The CARES Act suspends these limits. It allows real estate investors to write down a depreciation on non-business profits. As a result, married couples with more than $500,000 income or profits from non-business sources possibly faced no tax liability for 2020 and the previous two years. However, it depends on whether depreciation and non-business losses equal or exceed those capital gains.
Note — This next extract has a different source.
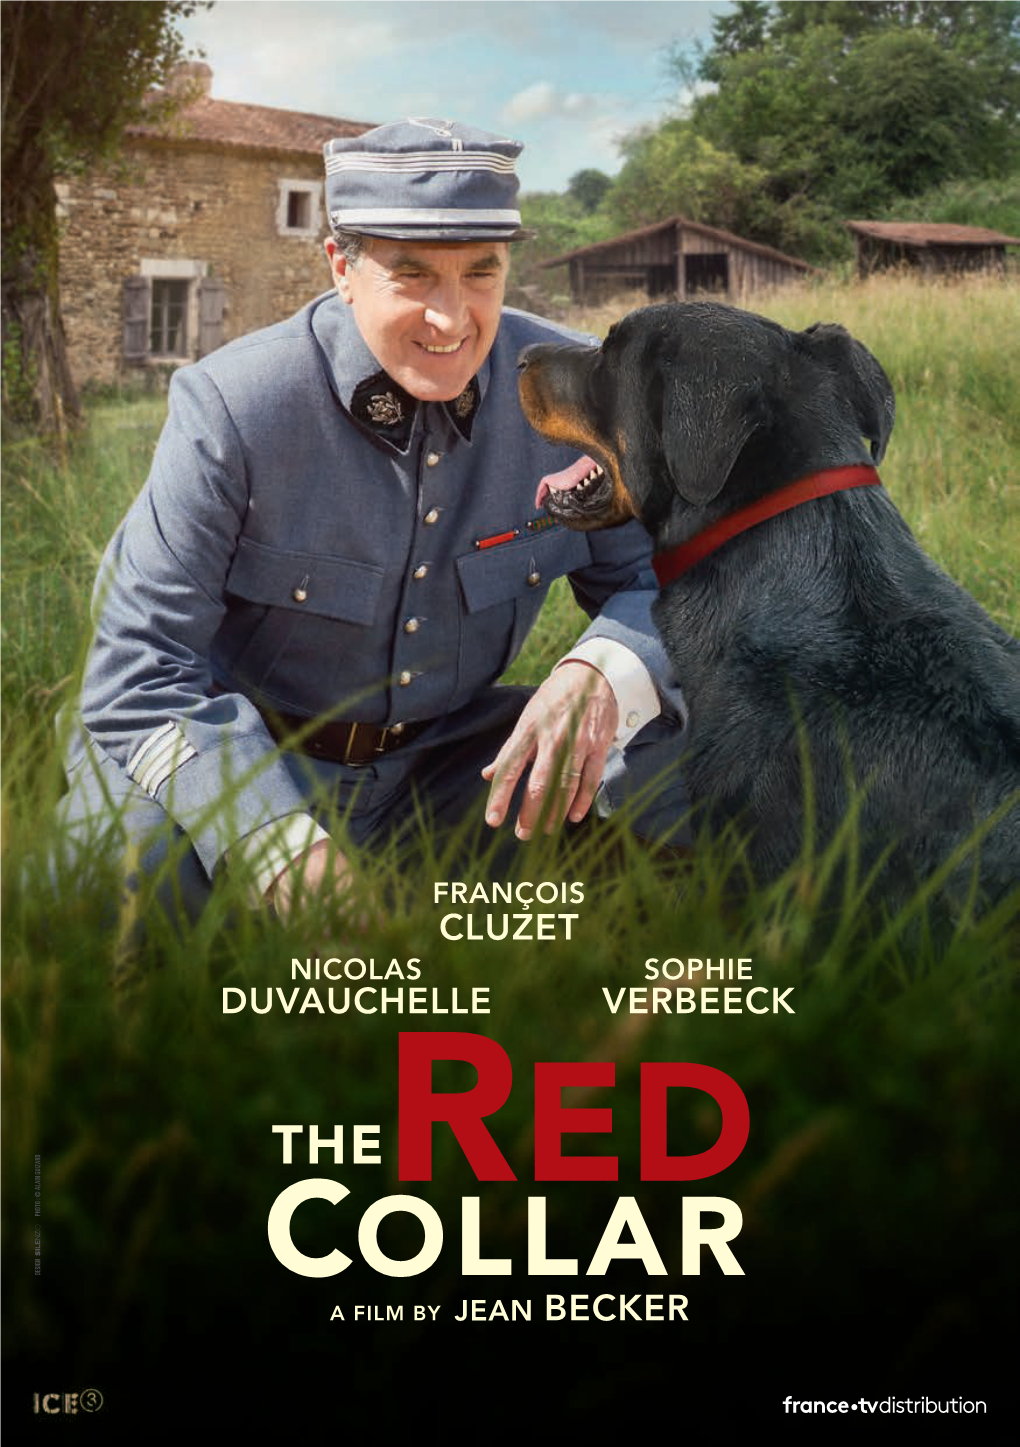 The Red Collar a Fi Lm by JEAN BECKER

- Expansion of Small Business
Section 1113 of the CARES Act expands the Small Business Reorganization Act of 2019 (SBRA) to benefit more small businesses. It provides small businesses like small real estate developers, owners, independent contractors, self-employed individuals or others with a more forgivable loan program of about $356 billion. As a result, the CARES Act helped small businesses to operate within the challenging circumstances created by the pandemic.
- Mortgage Forbearances
Under Section 4023 of the CARES Act, borrowers under certain home mortgages and multifamily loans for federally-backed programs are eligible for the temporary forbearance of payments for up to 90 days. However, it is only applicable if they are current on payments as of Feb.2020. If such borrowers opted for these forbearance provisions, they will face additional restrictions on tenant evictions on the grounds of late fees and penalties.
- National Moratorium on Residential Evictions for Properties with Federal Loans
For 120 days, succeeding The CARES Act Section 4024(a)(5) states that, an owner cannot evict tenants occupying properties financed by federally-backed multifamily loans. Further, they are also barred from taking any action against tenants or penalise them for delay in rent or fees. The rule applies to mortgages insured, guaranteed or assisted by the Federal Government. It also applies to federal loan programs assisted by Freddie Mac or Fannie Mae or HUD program. or follows suit by placing a 120-day moratorium on residential evictions for tenants occupying properties financed by federally-backed multifamily loans. These loans are defined as loans made or insured, guaranteed, or assisted by the Federal Government or by a HUD program or purchased or securitized by Freddie Mac or Fannie Mae.
Although The Coronavirus Aid, Relief, and Economic Security (CARES) Act is hailed as the largest economic relief act in the history of the US, some experts believe that it may not be enough to avert the economic crisis caused by COVID-19. It is unclear about the aid the Act aims to provide to several small businesses or landlords who do not have federally-backed mortgages or subsidized renters. However, The CARES Act is a potential life-saver for real estate accredited investors with its provisions for tax reduction obligations, tax refunds and more.